8. L’esquive, goût du presque

La puissance fantasmatique du travail de Turner s’exprime dans son inclination pour l’approximation, complément précieux à son sens de la minutie évocatrice. L’environ, le quasi, l’inachevé (c’est le cas de la toile supra) sont autant d’appels aux possibles lancés à celui qui regarde. Moins que le souci de représentation ou d’effet de réel, prédominent l’envie de saisir un moment picturalement riche et capable de nourrir l’imaginaire du contemplateur en anticiper sur le concept d’œuvre ouverte chère à Umberto Eco.

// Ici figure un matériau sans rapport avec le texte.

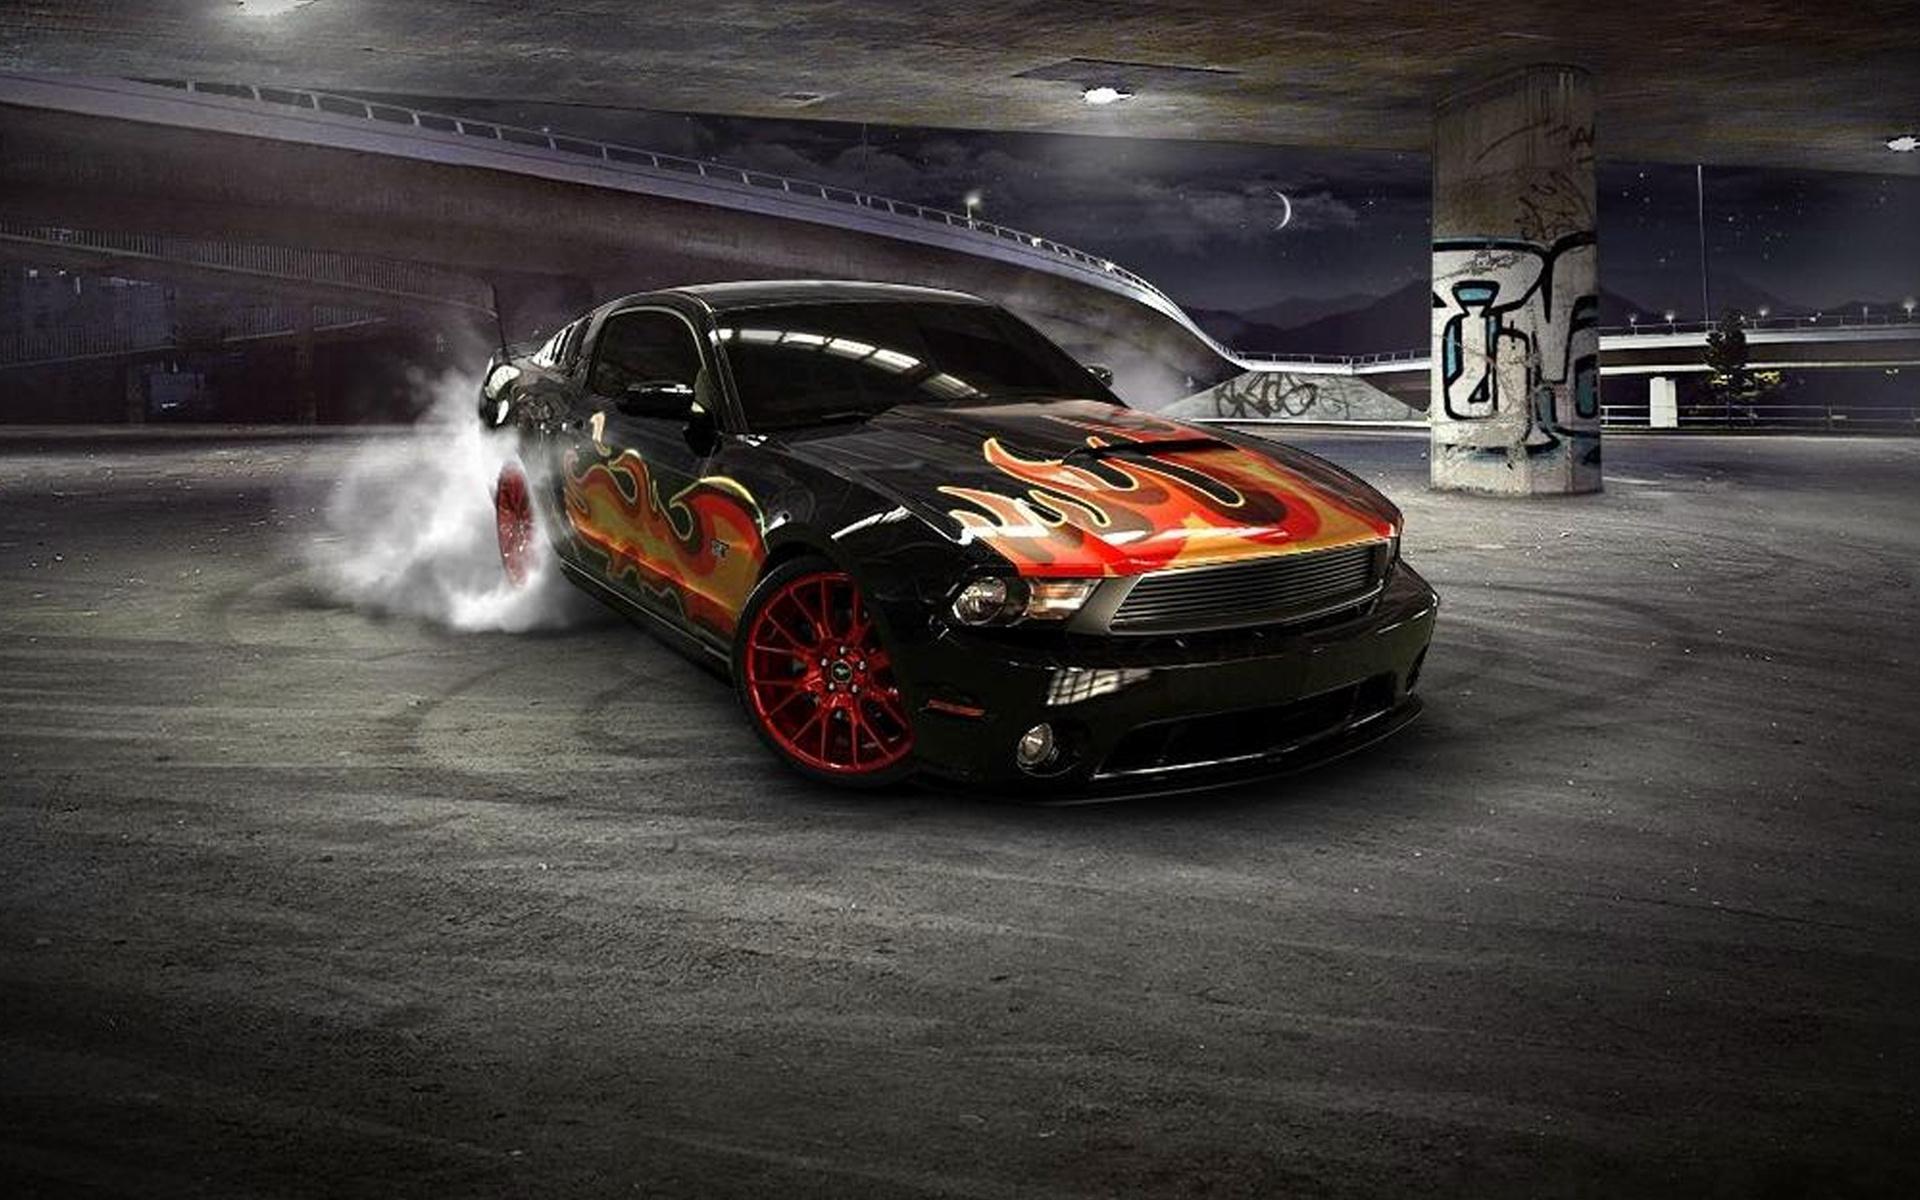 Hot Race Car Girls
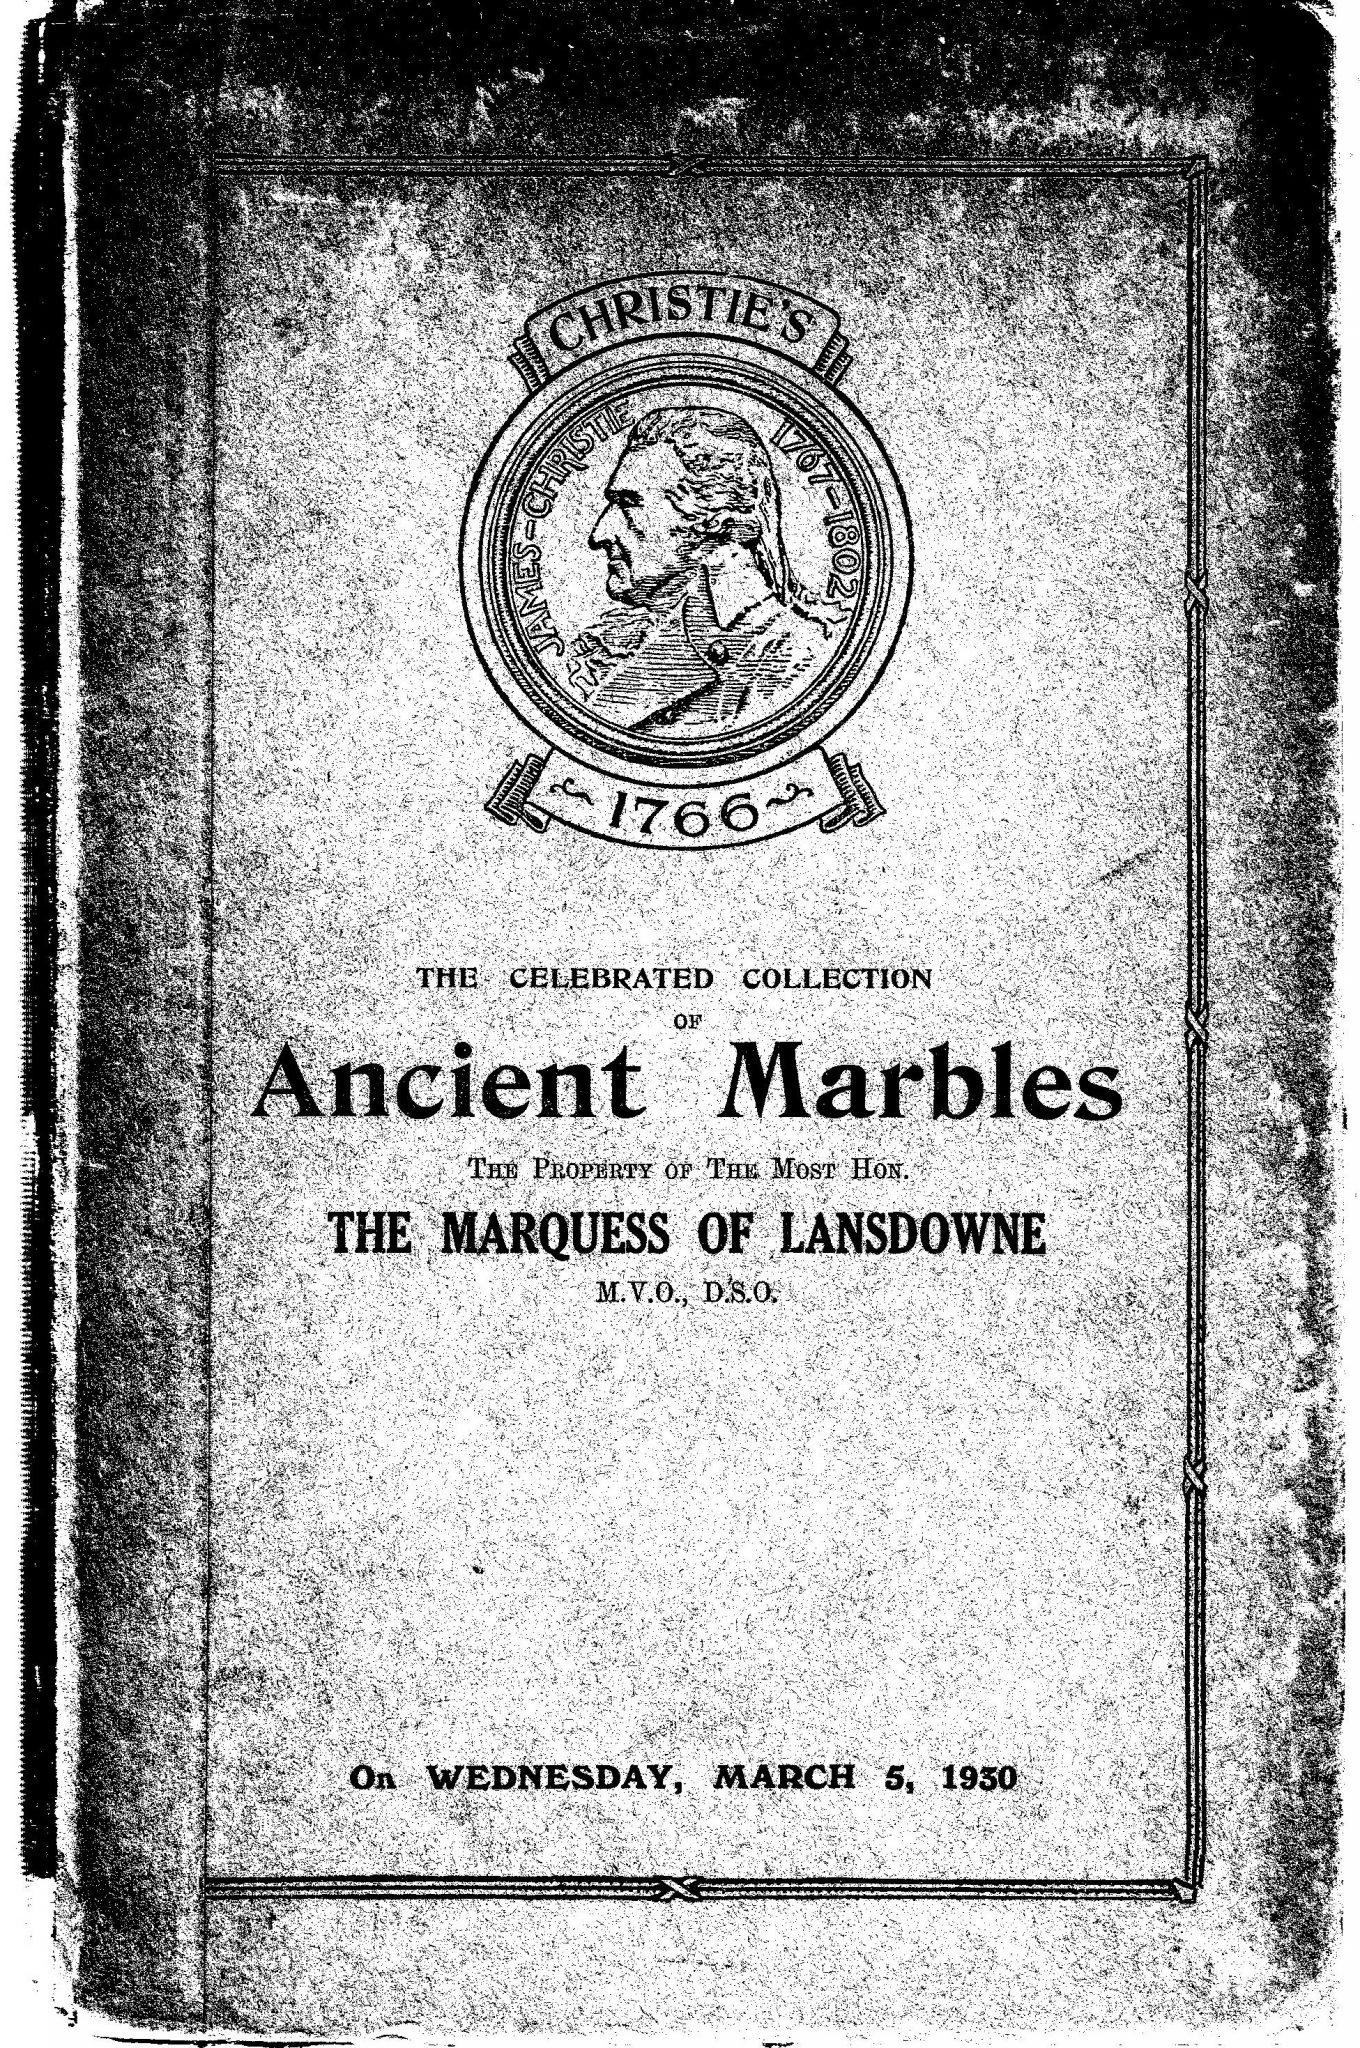 Ancient Marbles PSL/1930/0007b 1

En s’appuyant sur l’inachèvement de cette huile, l’on pourrait limiter la portée – déjà relative, venant d’un ignorant en beaux-arts – d’une telle remarque. Pourtant, nombre d’aquarelles portent trace de cette opposition entre pulsion artistique et perfection artisanale.
Turner croquait des instants, des émotions, des atmosphères et, souvent, les laissait en suspens. Non qu’il ne se souciât point de démontrer une virtuosité technique évidente et moult fois attestée ; mais bien qu’il parût désirer offrir à son admirateur un tremplin pour l’imagination, troquant

  • le finalisé pour le désirable,
  • le formel pour le suggestif,
  • le brillant pour le génialement singulier, et
  • le définitif pour l’inspirant.

En conclusion, chacun pourra retirer ce qui lui sied de cette exposition à la fois

  • concentrée,
  • présentée dans un lieu superbe,
  • accessible à tous,
  • actuellement peu fréquentée (la chance à saisir !) et
  • passionnante.

Pour ma part, j’ai particulièrement apprécié la friction que manifestent les œuvres entre

  • savoir-faire et lâcher-prise,
  • précision et flou,
  • sens de l’évocation et goût pour le vague.

Les titres des œuvres,

  • tantôt descriptifs,
  • tantôt perdus (ils désignent un toponyme spécifique et se concluent par un “?”),
  • tantôt sciemment mensongers (ainsi de la “vue imaginaire” doublement encadrée par des toponymes ou de cette “Visite de la tombe” autour de L’Énéide bien que L’Énéide n’en parle pas),

trahissent la puissance du geste de Joseph Mallord William Turner, par-delà ses tableaux les plus connus et, parfois, très bien peints.
Les experts y trouveront sans doute de quoi picorer ; les sachants s’extasieront de voir la Tate Gallery venir à eux ; les curieux y butineront de grands moments de gouleyance. Quelle que soit sa posture, esquiver cette proposition sur l’esquive, en dépit du prix fort cossu de 15 €, serait peut-être dommage.

Turner, “La Visite de la tombe” (une des dernières huiles sur toile avant que l’obscurité ne happe le peintre, 1850), détail photombé. Cliché : Rozenn Douerin.